Question

On dissolving ${\bf{0}}.{\bf{25}}{{ }}{\bf{g}}$ of a non-volatile substance in ${\bf{30}}{{ }}{\bf{mL}}$ benzene (density ${\bf{0}}.{\bf{8}}{{ }}{\bf{g}}{{ }}/{{ }}{\bf{mL}}$), its freezing point decreases by ${\bf{0}}.{\bf{4}}{{\bf{0}}^o}{\bf{C}}$. Calculate the molecular mass of non-volatile substance (${{\bf{K}}_f} = {\bf{5}}.{\bf{12Kkgmo}}{{\bf{l}}^{ - 1}}$).

Answer 1

Hint:
The freezing point of a Solution will decrease, that is it will freeze at a lower temperature when a non volatile solute is added to the Solution. Therefore, in this Solution the freezing point decreases from $273K \to 273.40K$. Higher the value of ${K_f}$ more is the ability of the non volatile solute to decrease the freezing point.

Formula Used:
$D = \dfrac{M}{V}$
where $D$ is the density, $M$ is the mass, $V$ is the volume
 $\Delta T = \dfrac{{{K_f} \times {W_{solute}} \times 1000}}{{{M_{solute}} \times {W_{solvent}}}}$
Here, $\Delta T$ is the difference in temperature,
${K_f}$ is the cryoscopic constant, ${W_{solute}}$ is the weight of the solute, ${W_{solvent}}$ is the weight of the solvent, ${M_{solute}}$ is the molar mass of the solute.

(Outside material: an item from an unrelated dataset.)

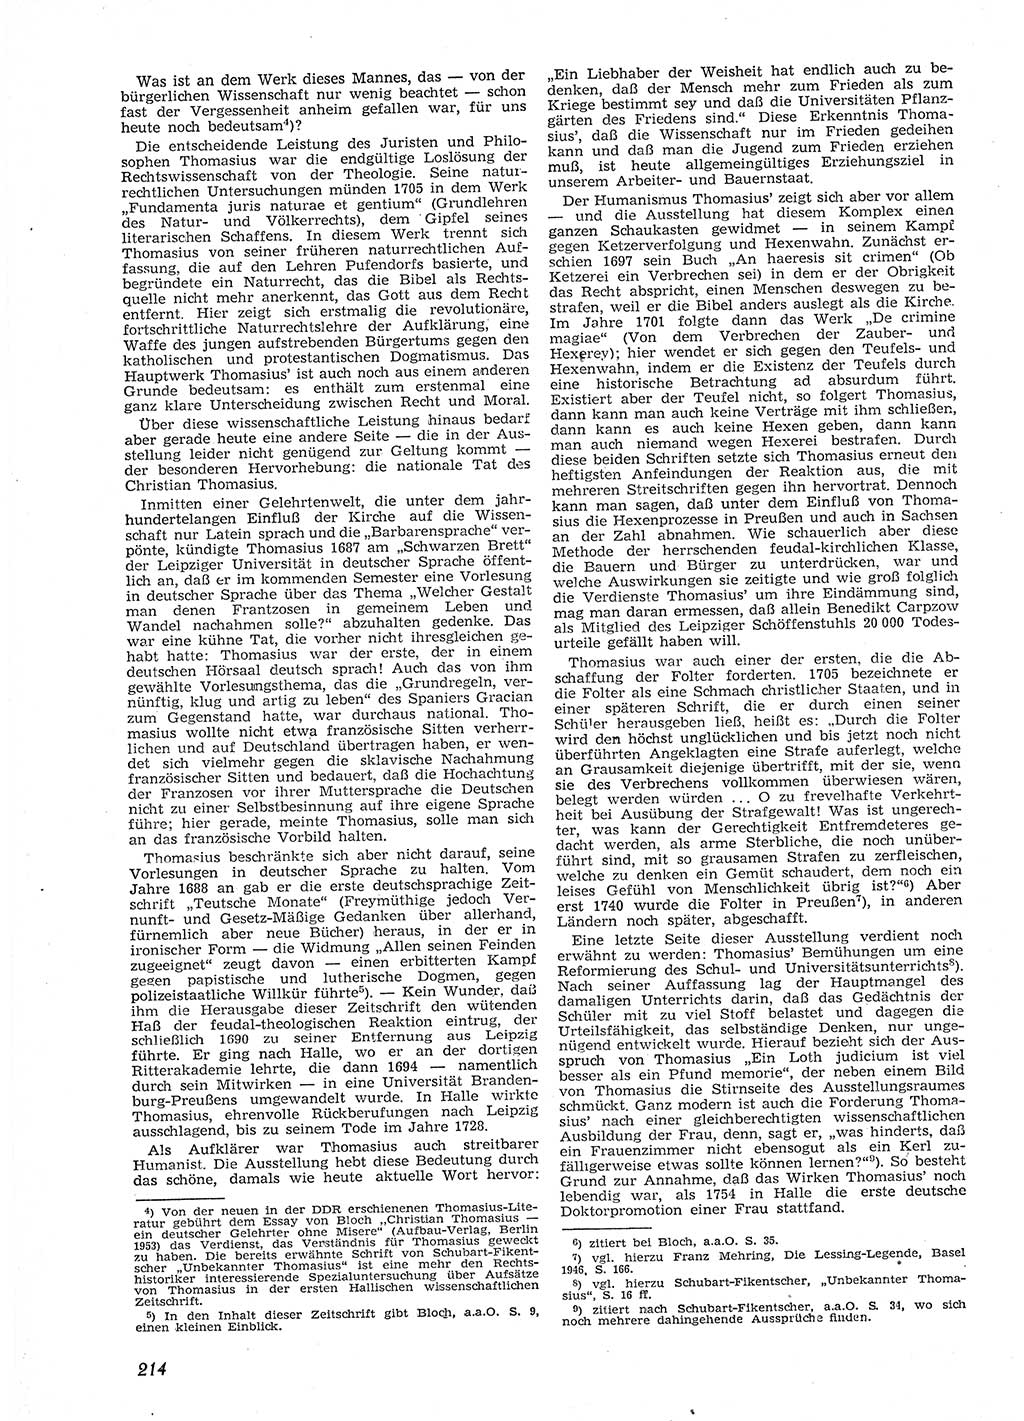 Neue Justiz (NJ), Zeitschrift für Recht und Rechtswissenschaft [Deutsche Demokratische Republik (DDR)], 9. Jahrgang 1955, Seite 214 (NJ DDR 1955, S. 214)

Complete step by step answer:
This question is based on the colligative property of a Solution known as the Depression of freezing point. This occurs due to addition of a non volatile solute into a pure solvent which leads to the decrease in the freezing point.

The decrease in the freezing point is expressed in terms of difference in the temperatures. But in this question, we know the difference in the temperature. It is required to find the mass of the solute. This can be done by altering the formula as demonstrated below:
 $\Delta T = \dfrac{{{K_f} \times {W_{solute}} \times 1000}}{{{M_{solute}} \times {W_{solvent}}}}$
Taking the molar mass of the solute from the denominator and sending it to the numerator, we get,
${M_{solute}} = \dfrac{{{K_f} \times {W_{solute}} \times 1000}}{{\Delta T \times {W_{solvent}}}}$
We know that, ${K_f}$ is the cryoscopic constant = ${\bf{5}}.{\bf{12Kkgmo}}{{\bf{l}}^{ - 1}}$
${W_{solute}}$ = ${\bf{0}}.{\bf{25}}{{ }}{\bf{g}}$
The mass of the solvent can be found from the density using the values mentioned in the question. This is done in the steps shown below:
Density = ${\bf{0}}.{\bf{8}}{{ }}{\bf{g}}{{ }}/{{ }}{\bf{mL}}$
Volume = ${\bf{30}}{{ }}{\bf{mL}}$
Density = $\dfrac{{Mass}}{{Volume}}$

Substituting these values in the equation given above:
$0.8 = \dfrac{{mass}}{{30}}$
$0.8 \times 30 = mass$
Multiplying the two
$24g = Mass$
Therefore, the weight of the solvent will be $24g$.
That is, ${W_{solvent}}$ = $24g$

Now we can find the molar mass of the solute through the steps demonstrated below:
${M_{solute}} = \dfrac{{{K_f} \times {W_{solute}} \times 1000}}{{\Delta T \times {W_{solvent}}}}$
On substituting the values,we get
$ \Rightarrow \dfrac{{5.12 \times 0.25 \times 1000}}{{0.40 \times 24}}$
Calculating the numerator and denominator, we get,
$ \Rightarrow \dfrac{{1280}}{{9.6}}$
$ \Rightarrow 133.33g$

Therefore the answer to the question will be $133.33g$. That is the molar mass of the non volatile solute will be $133.33g$.

Note: The freezing point of a solvent decreases when a solute is added because the solute and solvent form bonds and this will contribute to a lower freezing point. ${K_f}$ is the constant that can determine the depression of freezing point of a Solution upon addition of one mole of solute to one kilogram of solvent.